On that day, given that particular set of circumstances, I couldn’t say no to my patient but when she died, I felt awfully complicit in the misuse of precious public funding. Bureaucrats must shake their heads at people like me but frankly we all take turns at being that oncologist.

With hundreds of molecular therapies competing to reach the market, the uncomfortable subject of discussing the real cost of drugs with patients looms large over us.
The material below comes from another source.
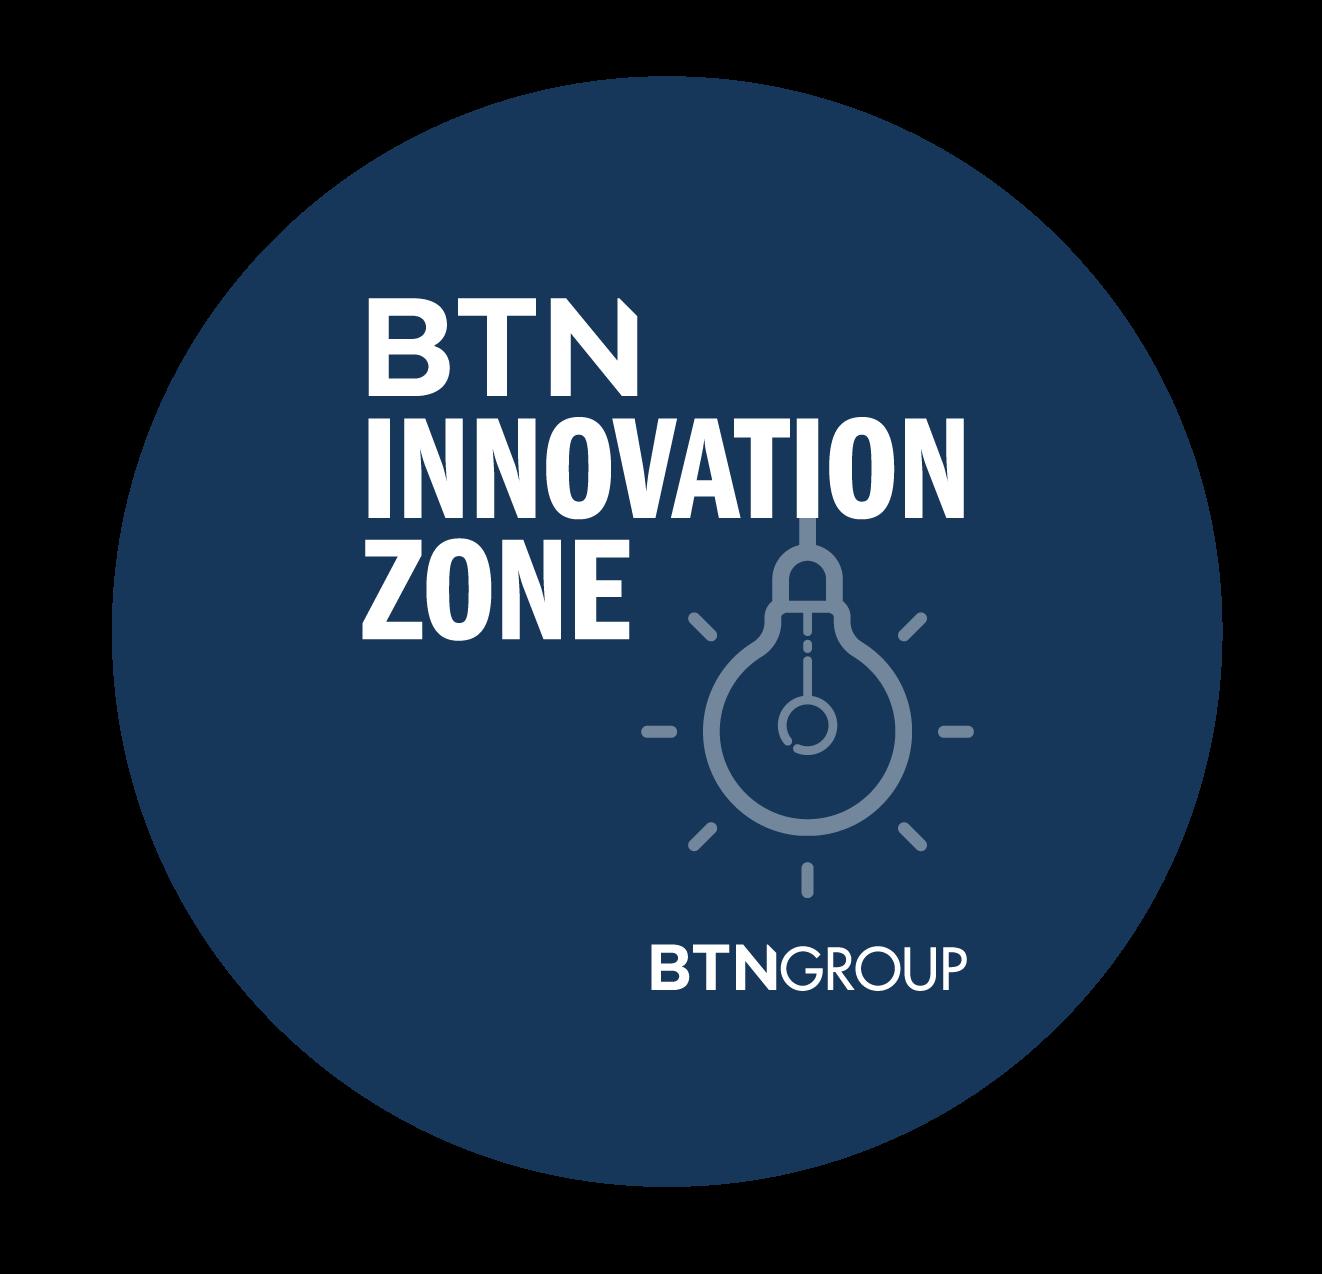 BTN Innovation Zone logo

Yet it is conspicuously absent from medical training and public debate. Thus, every discussion about a “miracle” drug, marginally beneficial and ridiculously expensive, feels like a new experiment.

And the thing about medicine is that just as you feel you have got the right mix of compassion and objectivity you discover that the bitter pill you have been dispensing has suddenly become yours to swallow. The recent lament of a colleague perfectly encapsulates this dilemma.

“As an oncologist I find that many of the newer therapies are an unjustifiable expense on the public purse but when my father lay dying I can tell you that I wanted him to have every single one of them and didn’t rest till he did.”